January 8, 2013 10:38:41 am

Austin police have altered how they conduct photo lineups to identify suspects, a long-used investigative technique that has come under widespread scrutiny in recent years, reports the Austin American-Statesman. As of Sunday, detectives are giving witnesses in the vast majority of their cases images of potential suspects one by one, or sequentially, rather than simultaneously. Experts argue that the use of sequential lineups reduces the likelihood of accusing the wrong person of a crime. “The Austin Police Department understands the importance of doing everything we possibly can to limit the potential for someone to be wrongfully charged,” said Chief Art Acevedo. “We’d rather go with zero arrests than to arrest the wrong person.”
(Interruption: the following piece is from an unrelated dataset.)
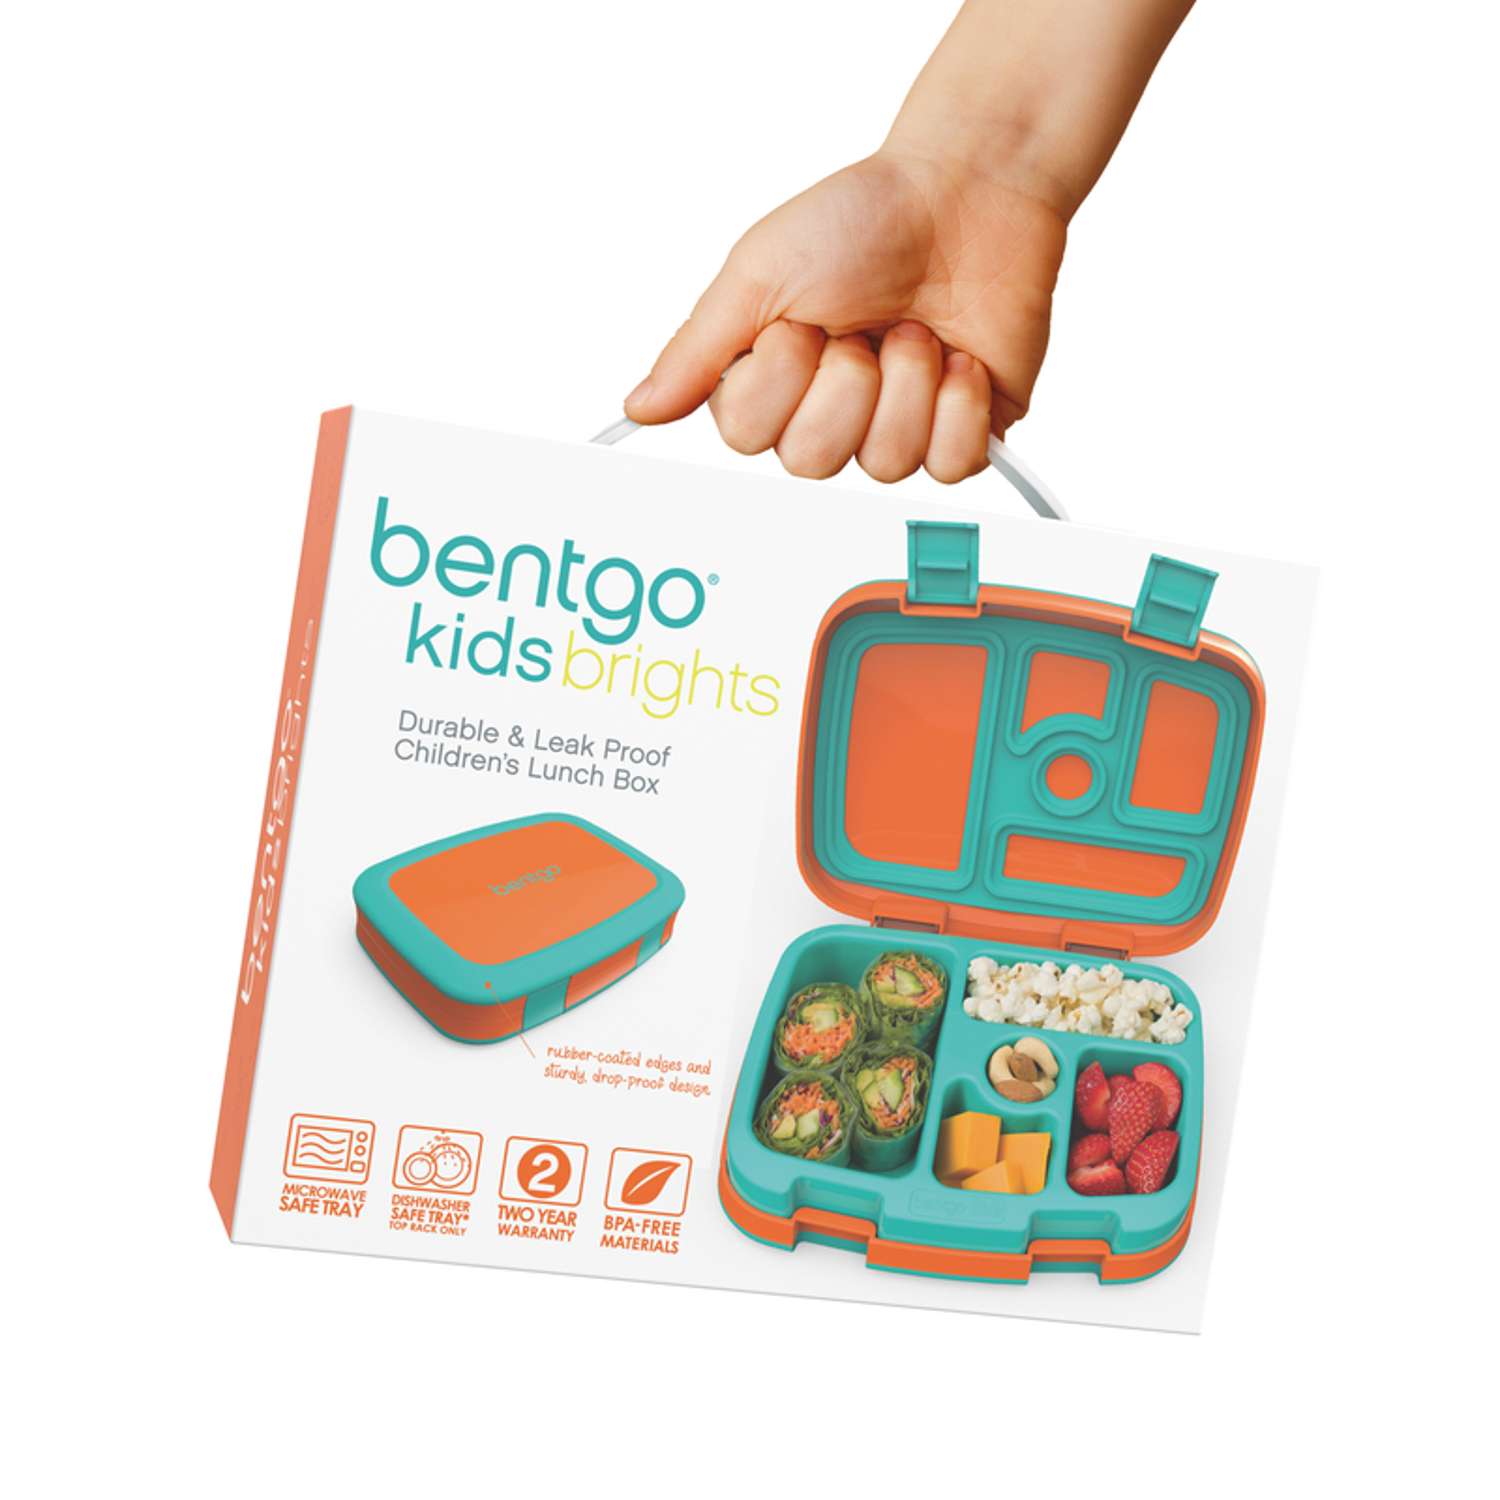 Smiggle - Bright Side Bentolu Lunch Set - Dinossi - Same Day and Free  Delivery

He said the department is among the first wave of those across the U.S. to adopt the sequential lineup policy. The simultaneous lineup process will be used in only a small percentage of cases, such as some involving child witnesses, Acevedo said. The new policy was put into effect after an effort to train detectives in recent months. The move follows a national study in 2011. The process has especially come under scrutiny in Texas, which leads the country in post-conviction DNA exonerations, says the Innocence Project, a group that works to overturn wrongful convictions. A 2011 American Judicature Society study, using data primarily from the Austin Police Department, found that having a witness view one photograph at a time produced fewer mistaken identifications than lineups presenting all of the photographs at once.